Daily newspaper in Bryan, Texas

The Eagle, officially known as The Bryan-College Station Eagle, is a daily newspaper based in Bryan, Texas, United States. Centered in Brazos County, the paper covers an eight-county area around Bryan-College Station that includes Texas A&M University.

== History ==
First published by attorney Richard M. Smith as the Weekly Eagle on October 26, 1889, it transitioned to a daily in 1913.

The Eagle was owned by the Evening Post Publishing Company from 2001 to 2012, when it was sold to Berkshire Hathaway to become part of its BH Media Group subsidiary. At that time, the paper's average weekday circulation in 2012 was 19,132.

Previously, the newspaper was owned by Belo Corp. from 1995 to 2001, Worrell Newspapers from 1988 to 1995, Harte-Hanks Communications from 1962 to 1988 and local ownership prior to that. As of 2020, Lee Enterprises owns the paper.

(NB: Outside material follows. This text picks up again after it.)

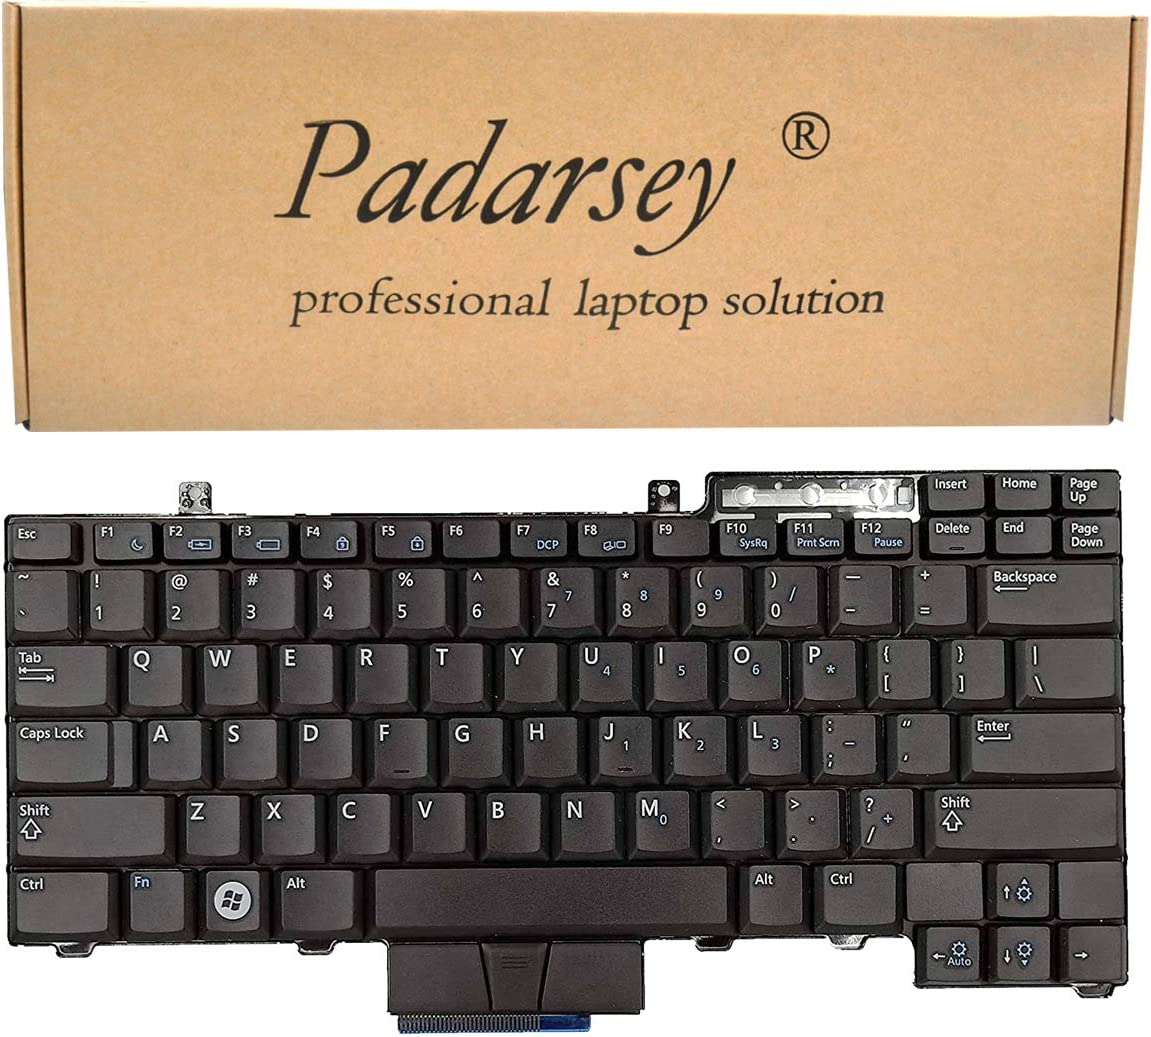 Padarsey Replacement Keyboard Without Pointer Compatible with Dell Latutude E6400 E6410 E6500 E6510 E5410 E5510 E5400 E5500 Precision M2400 M4400 M4500 Series Laptop US Layout

Starting June 20, 2023, the print edition of the newspaper will be reduced to three days a week: Tuesday, Thursday and Saturday. Also, the newspaper will transition from being delivered by a traditional newspaper delivery carrier to mail delivery by the U.S. Postal Service.

== Awards ==
The Eagle has won multiple awards, including Texas Associated Press Managing Editors awards, as well as Newspaper Association of America circulation awards.